Spatial and temporal localization of light in two dimensions
Carlos E. M\'aximo, Nicola Piovella, Philippe W. Courteille, Robin, Kaiser, Romain Bachelard

TL;DR
This paper investigates how light behaves in two-dimensional systems, revealing that scalar waves can localize strongly while vectorial waves do not, due to polarization coupling and near-field effects.
Contribution
It provides a detailed analysis of light localization in 2D, highlighting the conditions under which Anderson localization occurs or is suppressed.
Findings
Scalar waves exhibit Anderson localization with long lifetimes.
Vectorial waves do not show localization due to polarization coupling.
Localization length depends on mode position, not lifetime.
Abstract
Quasi-resonant scattering of light in two dimensions can be described either as a scalar or as a vectorial electromagnetic wave.
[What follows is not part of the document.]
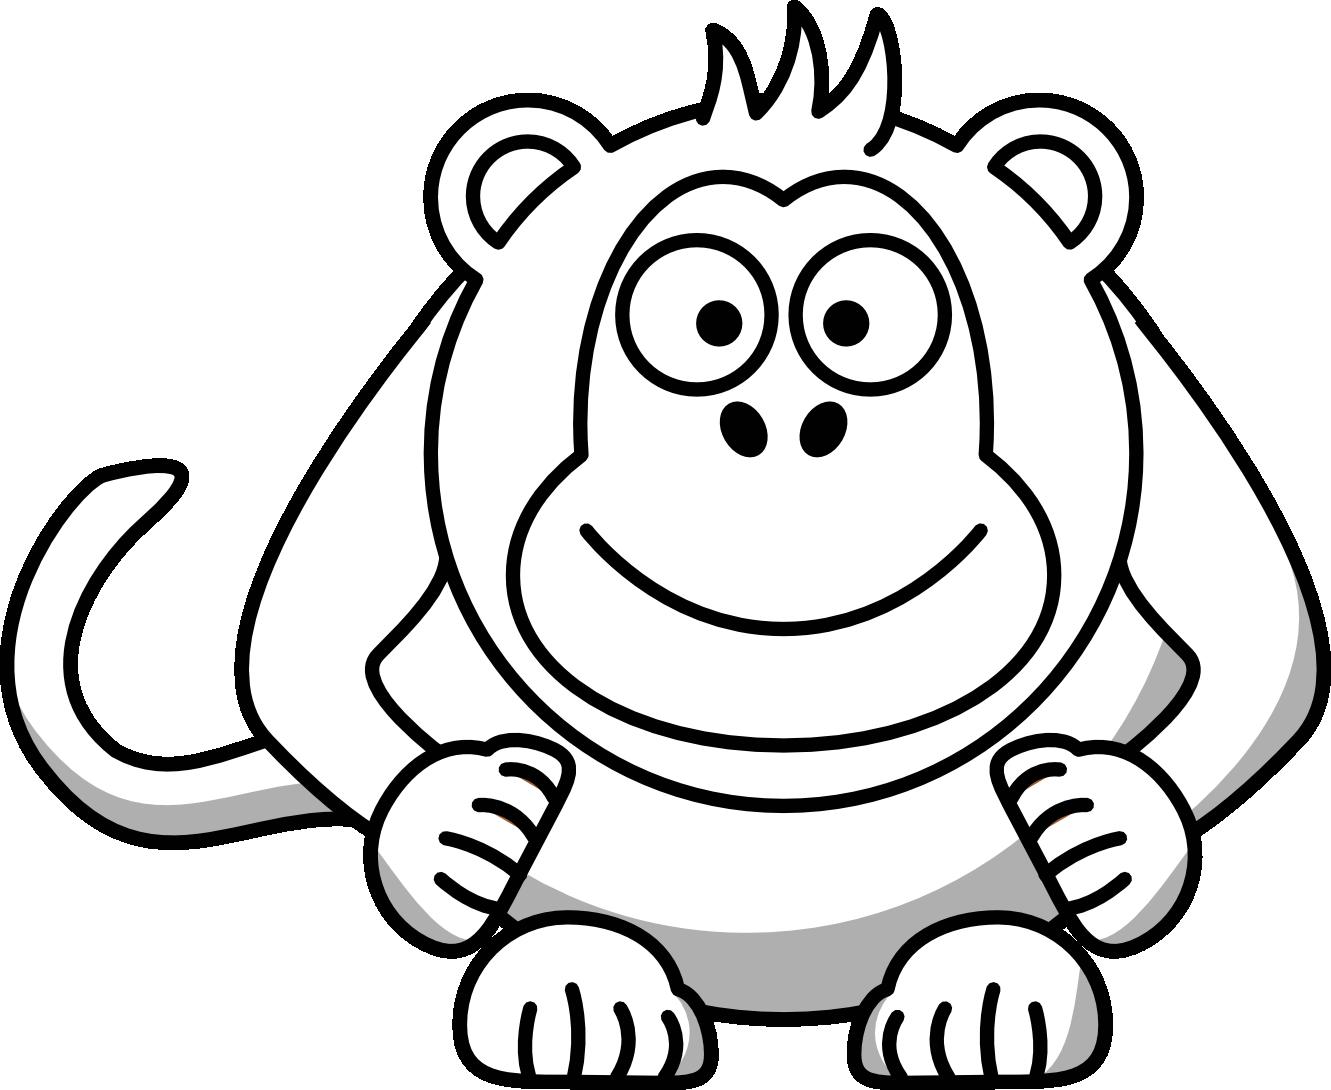 Gorilla Clipart Black And White Free download best Gorilla Clipart

Performing a scaling analysis we observe in both cases long lived modes, yet only the scalar case exhibits Anderson localized modes together with extremely long mode lifetimes. We show that the localization length of these modes is influenced only by their position, and not their lifetime. Investigating the reasons for the absence of localization, it appears that both the coupling of several polarizations and the presence of near-field terms are able to prevent long lifetimes and Anderson localization.